Neide, adotando uma pose de muita tranquilidade, negou o envolvimento no sequestro, fazendo pose para os fotógrafos que já estavam de plantão na frente da delegacia. A notícia se espalhou muito rápido. Como ela sustentava aquele personagem, os policiais decidiram usar duas estratégias para tentar acabar com a estabilidade emocional dela: deixaram ela em pé ao longo de todo o interrogatório e proibiram Neide, que era fumante, de fumar.
Depois de doze horas, através de muita insistência de Saulo Gomes em entrevista-la, a policia permitiu. Neide respondeu às perguntas feitas por ele, ao vivo, na Radio Continental: “Eu não vou dizer nada. Agora, sabe de uma coisa? Sabe de uma coisa? Eu queria matar a família toda, infelizmente eu não tive tempo.”
Ela praticamente confessou o crime em rede nacional.

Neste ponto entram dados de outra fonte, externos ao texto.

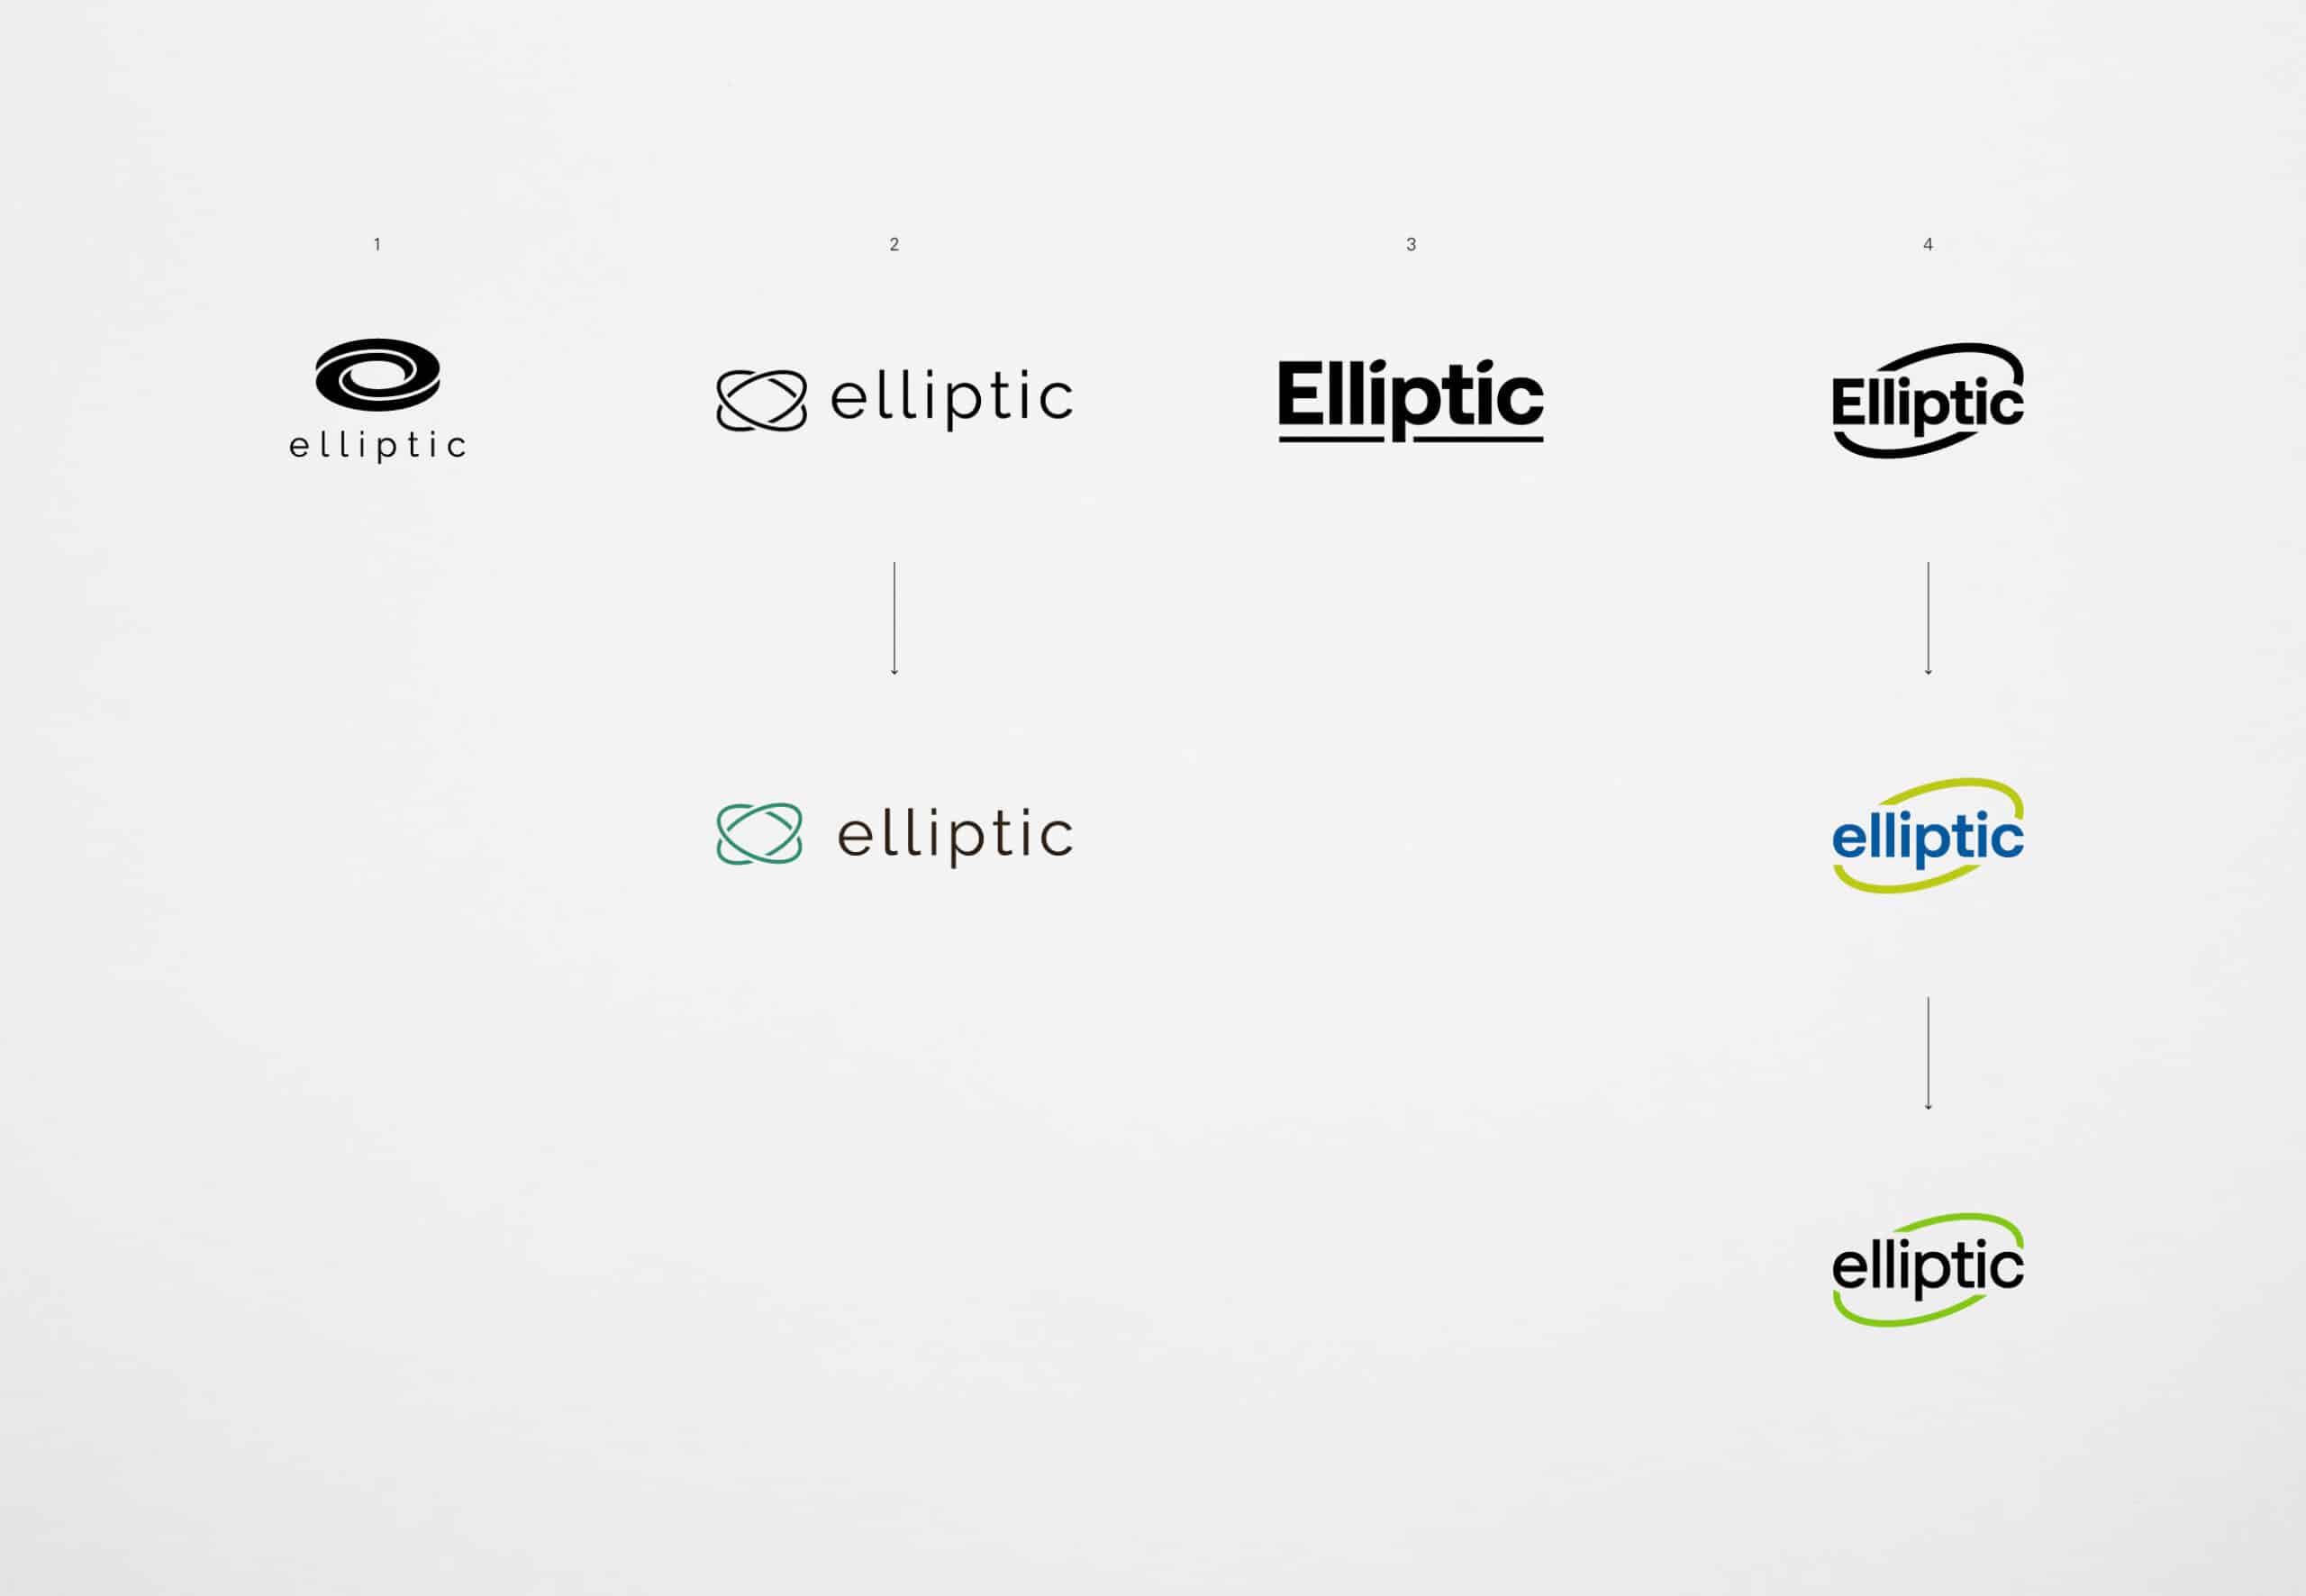 Premières étapes de propositions de logos pour la société informatique Elliptic.

Aquilo causou uma comoção absurda. Comoção popular mesmo. Pra vocês terem uma ideia ela só não foi apedrejada porque a polícia imaginou que isso poderia acontecer e pensou em uma forma de tirar ela da delegacia sem que ninguém percebesse.
Ela foi transferida para a Penitenciária Lemos de Brito. O pai da Neide contava que, naquela época, diariamente, encontrava despachos de macumba na porta de sua casa: velas pretas e vermelhas, galinhas mortas e bonecas com o nome da filha espetadas com agulhas. Neide havia sido condenada a 33 anos de prisão. Na cadeia, ela cuidava da própria chave da cela e tinha uma televisão portátil. Ela gostava de costurar roupas de crianças e de cuidar de uma boneca, que recebeu de presente, como se fosse a própria filha.
Após 15 anos de reclusão, Neide conseguiu liberdade condicional.
Nunca se casou. Nunca teve filhos. Ela morou com seus pais até que eles morressem. A última notícia que se teve sobre ela era que vivia reclusa, não saia de casa para nada. Morava no segundo andar de um prédio, onde a janela só vivia fechada, até mesmo no verão.
Se estiver viva, Fera da Penha completou 85 anos em 2022.
Antonio e Nilza, por sua vez, mantiveram o casamento. Tiveram mais dois filhos e alguns netos depois disso. Taninha, enterrada no cemitério de Inhaúma, é visitada até hoje por uma legião de pessoas que acredita que a menina tem poderes. Muitas pessoas vão até lá agradecer as bênçãos alcançadas em nome da menina. Colocam flores, cartas, placas, tudo em agradecimento.